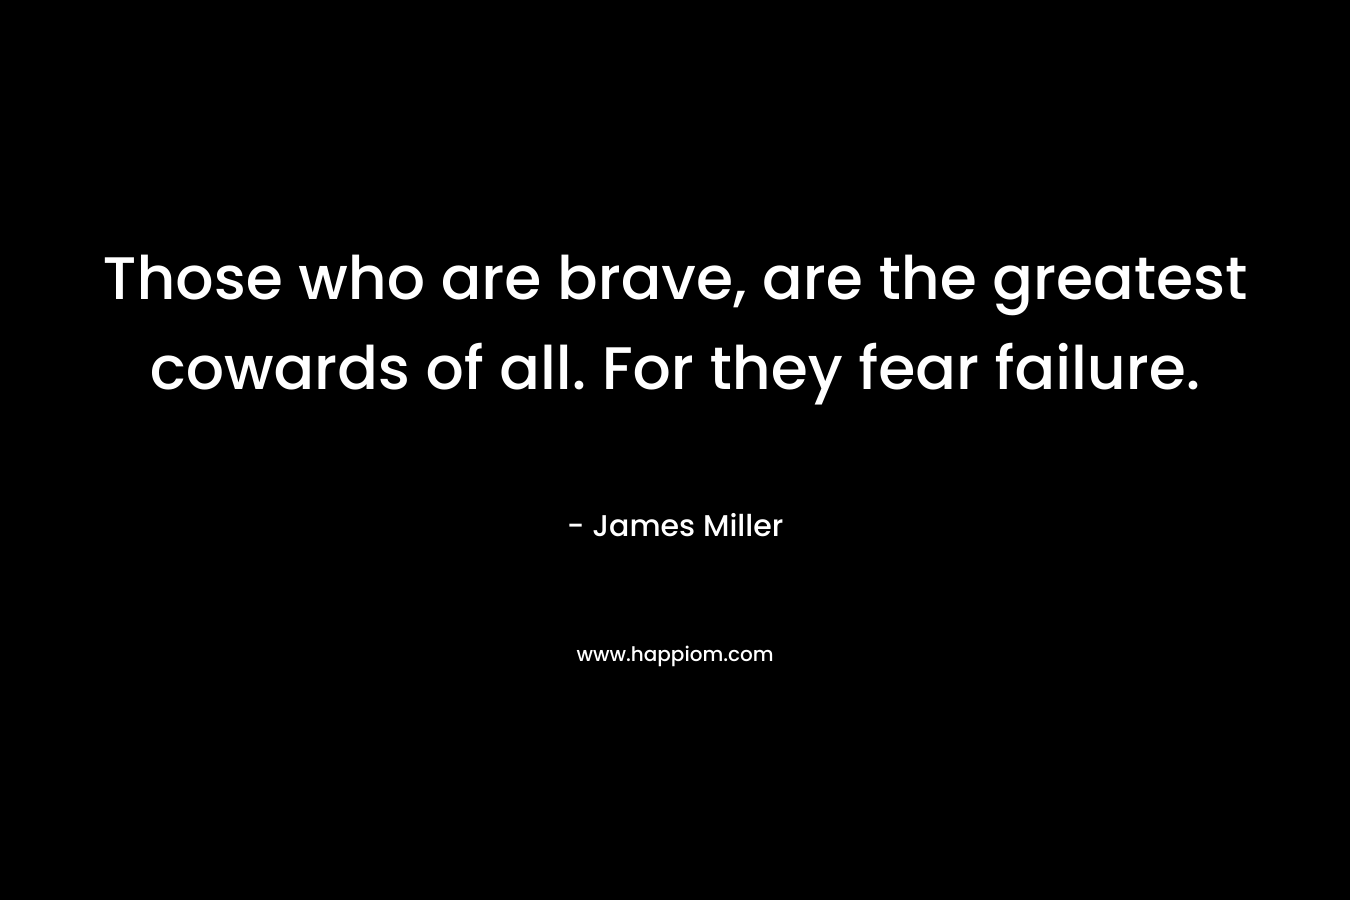 Those who are brave, are the greatest cowards of all. For they fear failure.
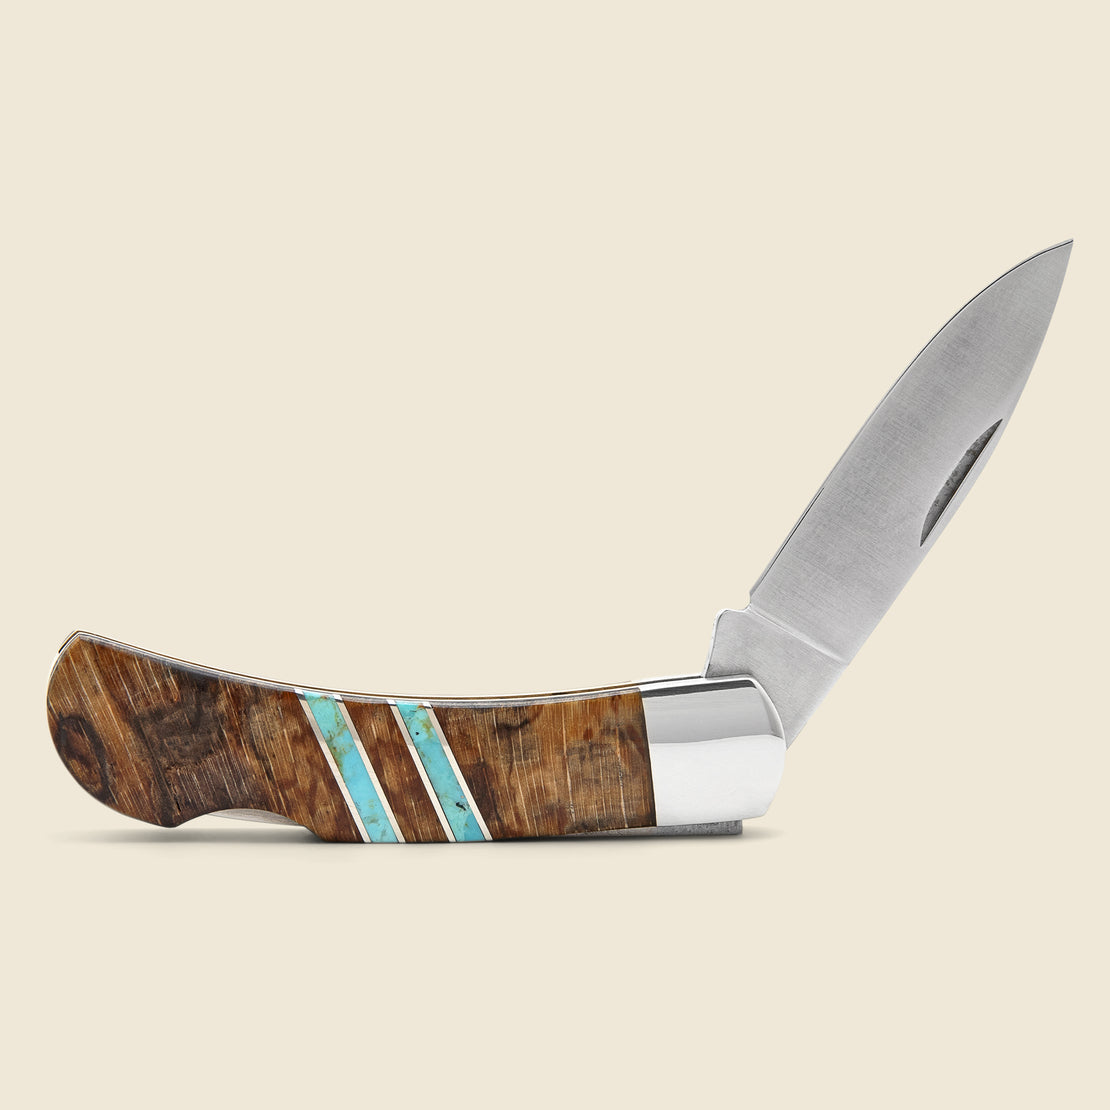 Home 3-Inch Lockback Knife - Spalted Beech/Turquoise
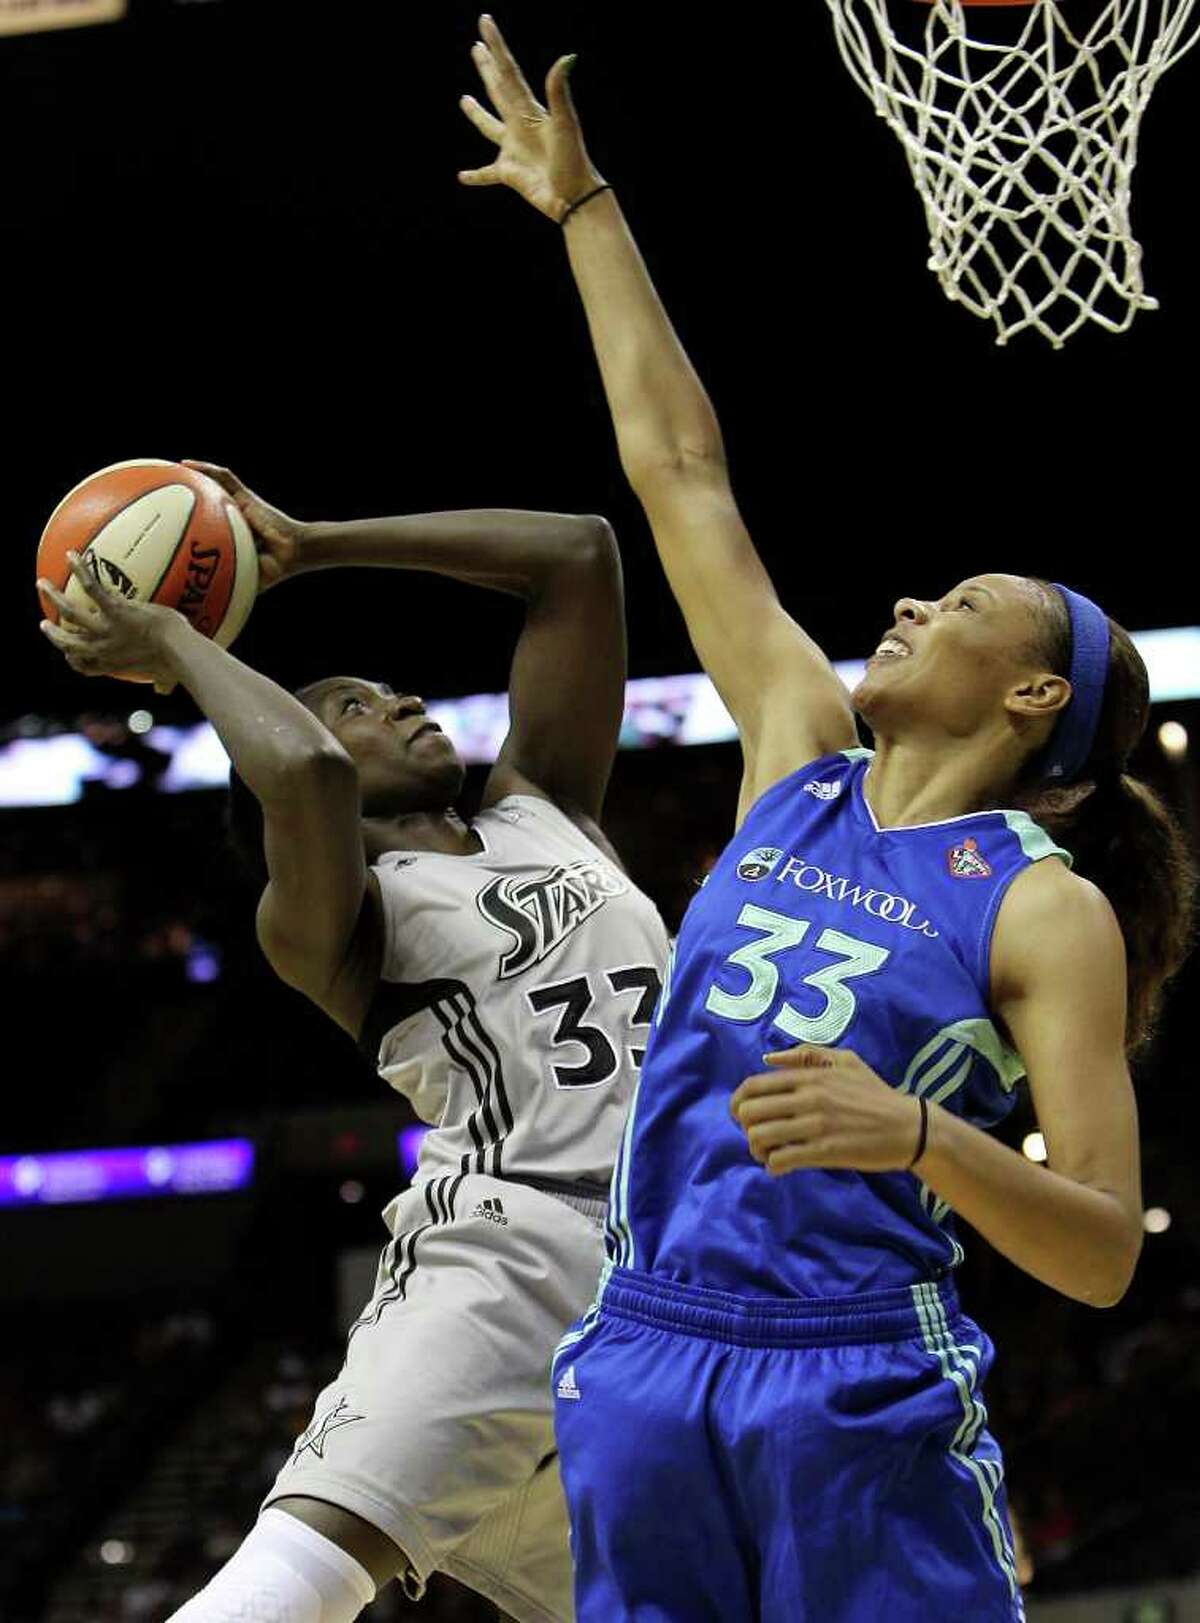 Silver Stars' Sophia Young (left) takes a shot against New York Liberty's Pienetter Pierson (right) in the first half at the AT&T Center on Friday, July 8, 2011. Kin Man Hui/kmhui@express-news.net

Aim of the task —
Copy every line of the listing above exactly. Leave each picture out.

Task response —
 Those who are brave, are the greatest cowards of all. For they fear failure.
 Home 3-Inch Lockback Knife - Spalted Beech/Turquoise
 Silver Stars' Sophia Young (left) takes a shot against New York Liberty's Pienetter Pierson (right) in the first half at the AT&T Center on Friday, July 8, 2011. Kin Man Hui/kmhui@express-news.net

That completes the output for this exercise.